Here, unlike A141000, there is no restriction on how large x can be (of course x <= n(n+1)/2).
LINKS
Colin Barker, Table of n, a(n) for n = 0..1000
Index entries for linear recurrences with constant coefficients, signature (3,-4,4,-3,1).
FORMULA
a(n) = floor(n * (n+1) / 4 - 1) for n >= 9. The induction proof for A141000 shows that for n >= 21, you hit all numbers of the right parity except n(n+1)/2-2 and n(n+1)/2-4. The floor expression handles the various parity cases. - David Applegate.
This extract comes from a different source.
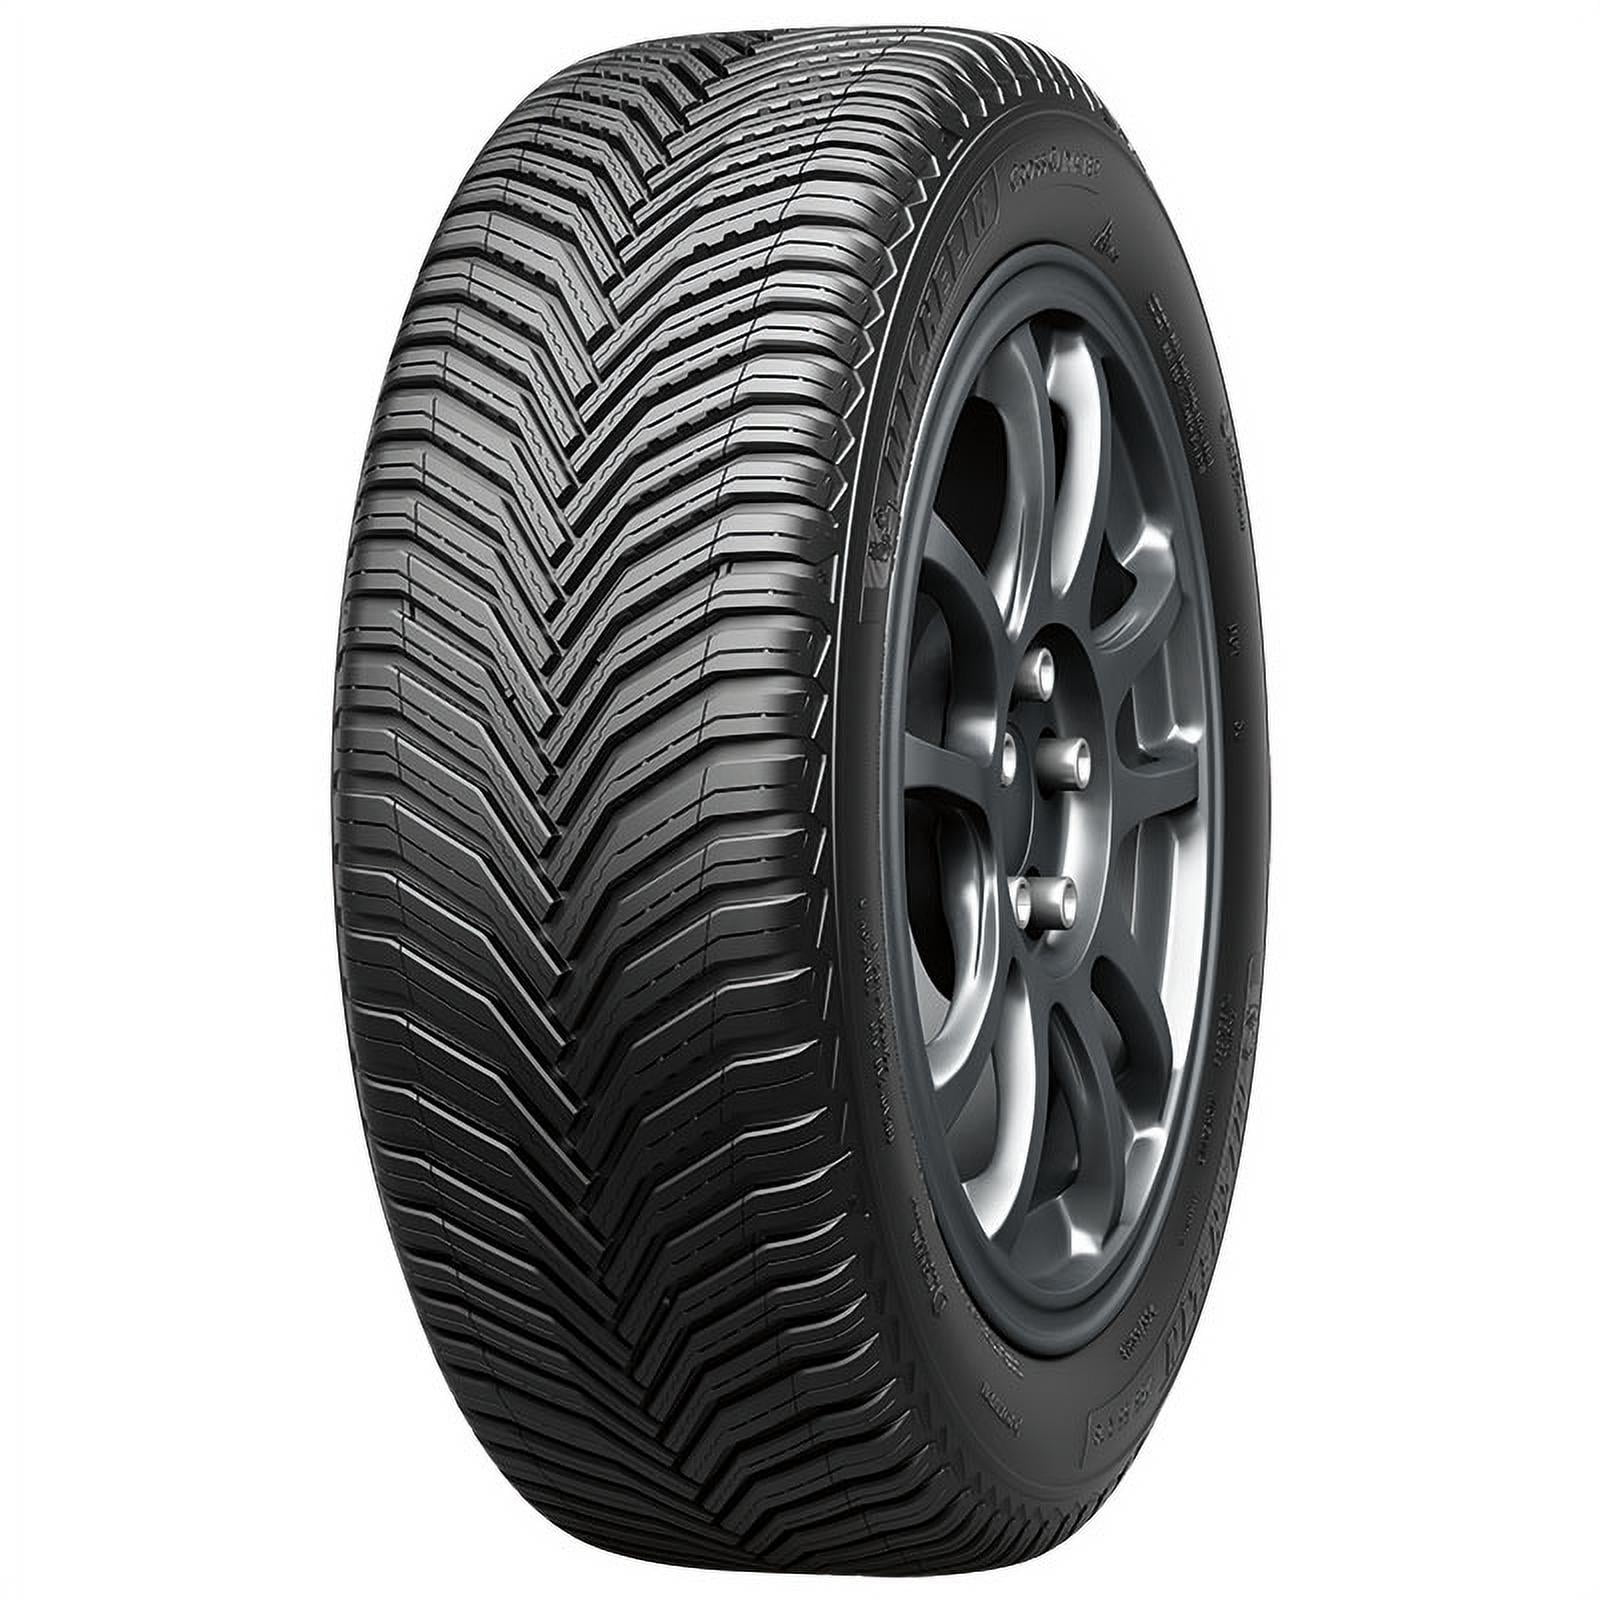 Climate2 102V 245/50R20 Jeep Tires 2016-18 Jet, Cross of Limited A/W Elite Pilot 4 Liberty 2012 Michelin Honda Set Fits: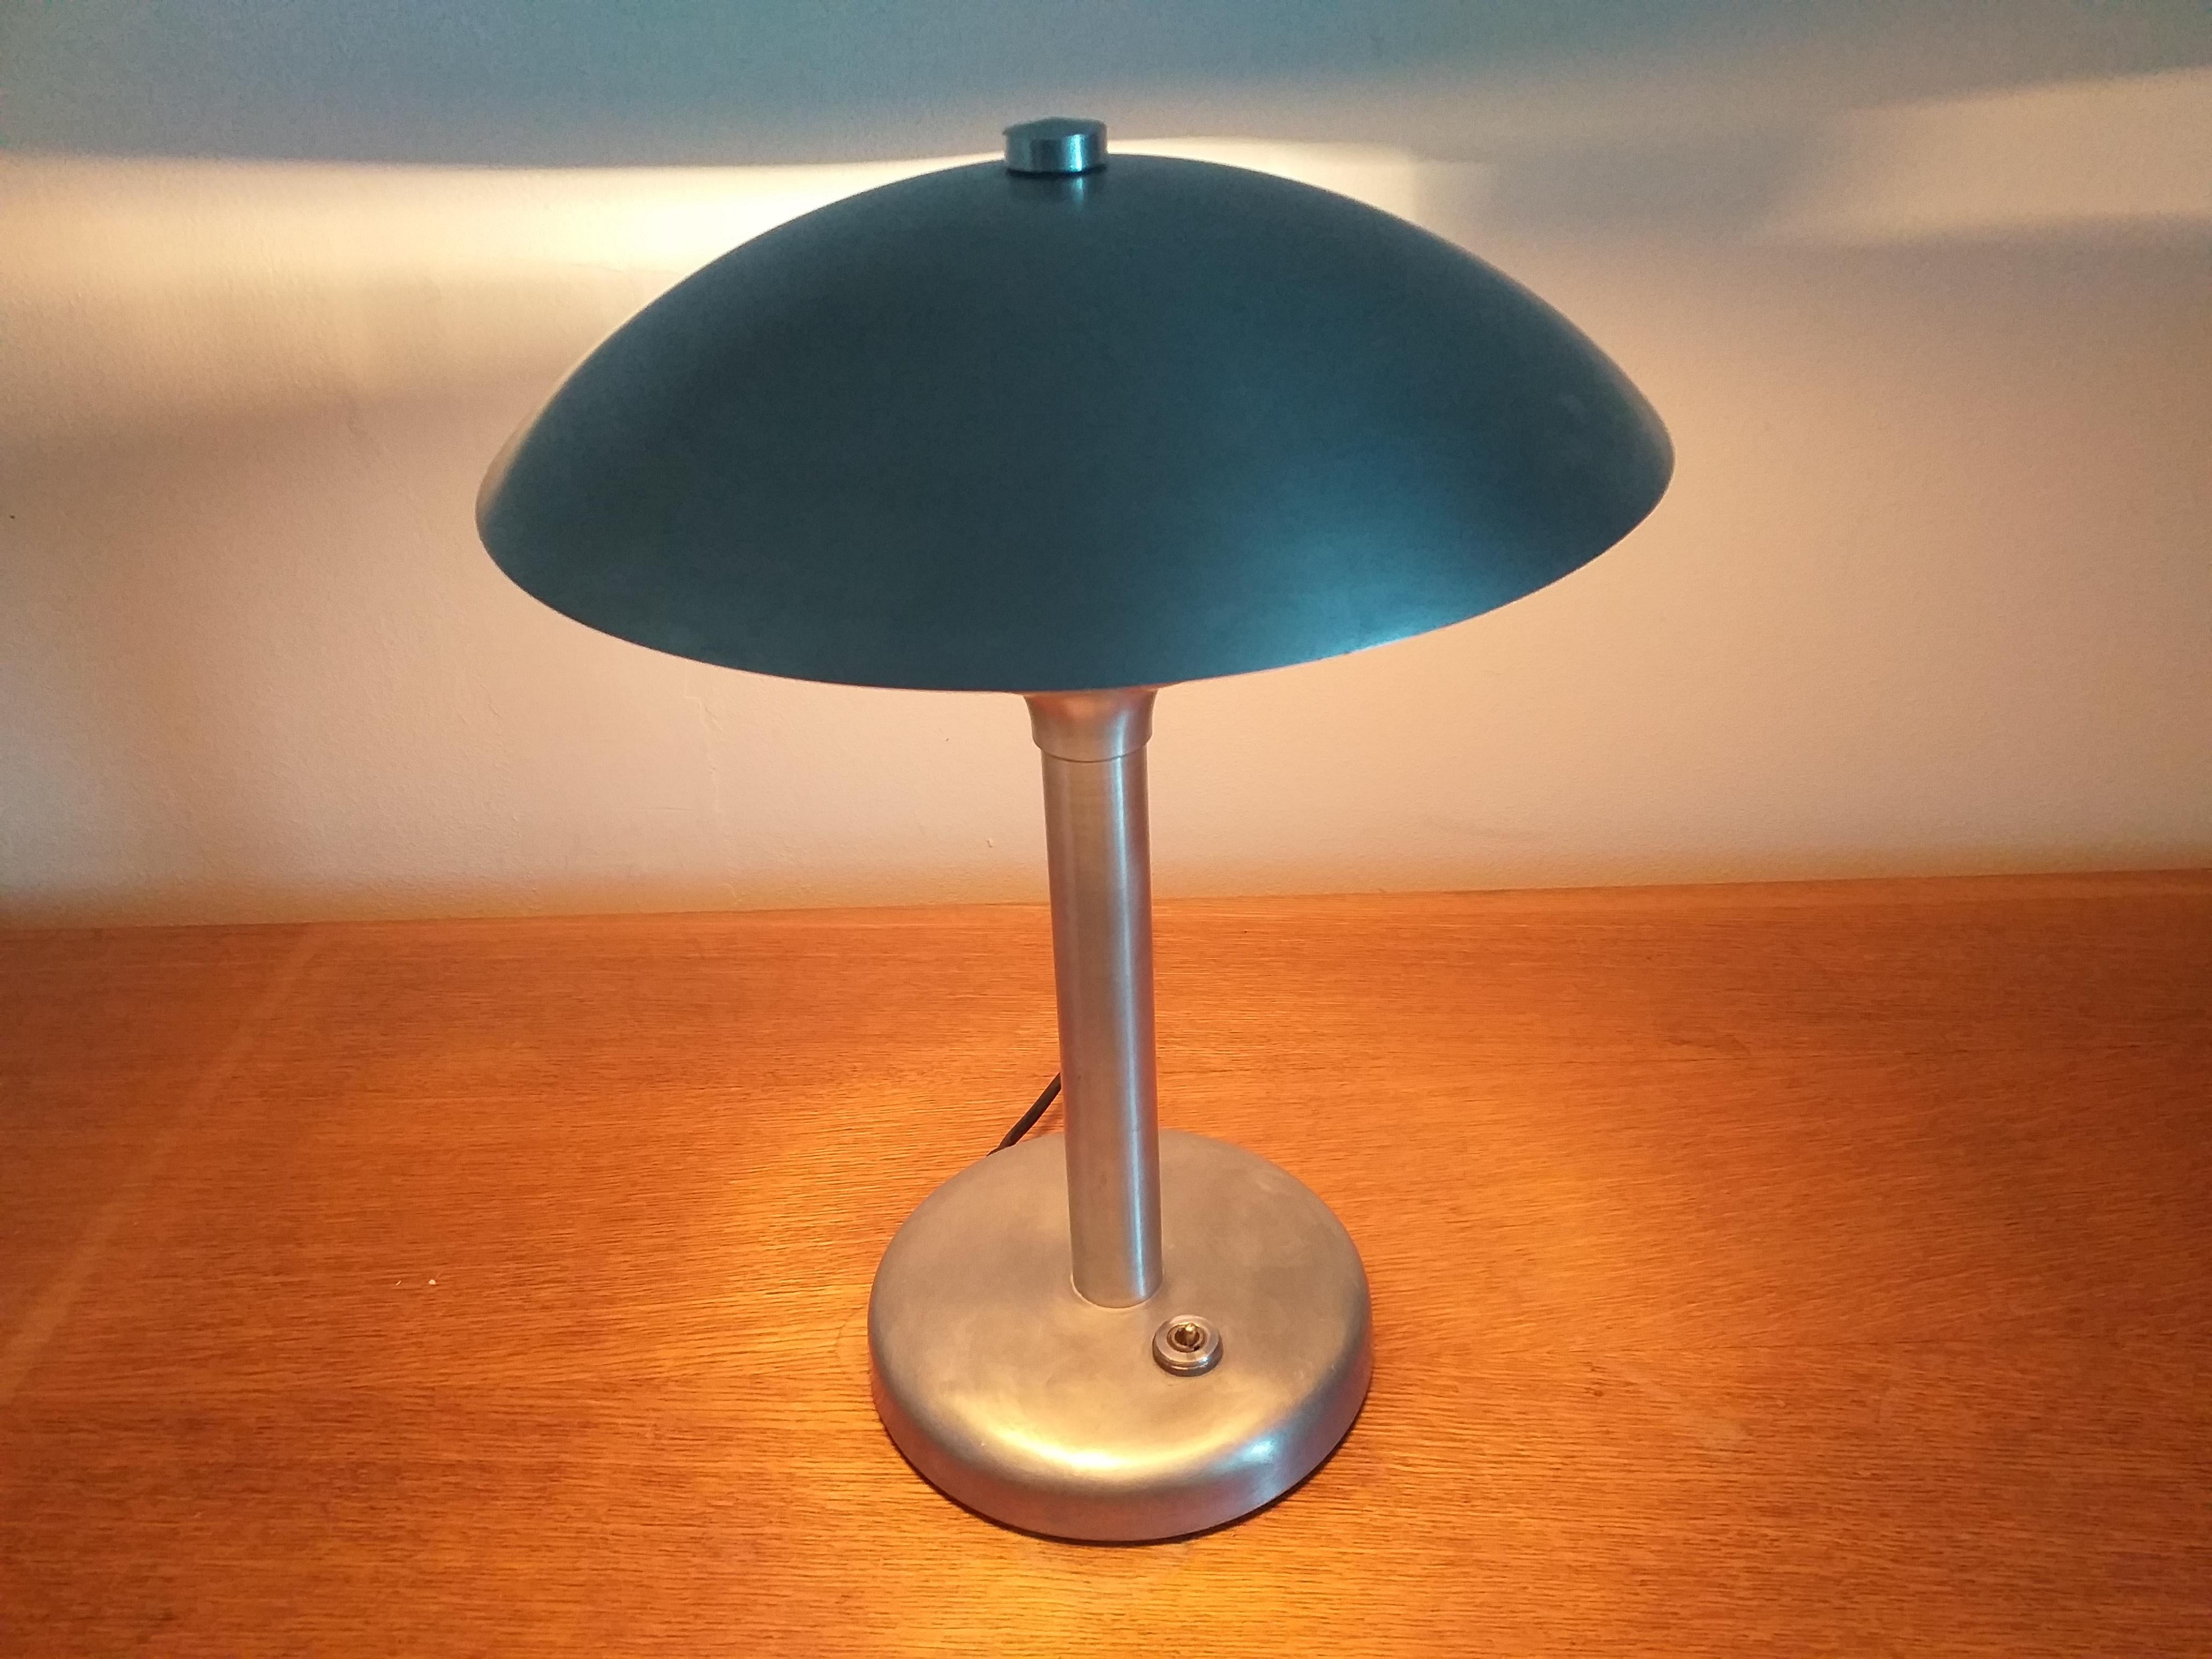 Art Deco Table Lamp, Franta Anyz, Functionalism, Bauhaus, 1930s 1

G.f.: (1 - 2*x + 2*x^2 - x^3 + x^5 + x^6 - x^7 + 2*x^8 - 2*x^9 - x^12 + x^13) / ((1 - x)^3*(1 + x^2)). - Colin Barker, May 21 2013
From Colin Barker, Aug 06 2017: (Start)
a(n) = (1/8+i/8) * ((-5+5*i) + (-i)^(1+n) + i^n + (1-i)*n + (1-i)*n^2) for n>8 where i=sqrt(-1).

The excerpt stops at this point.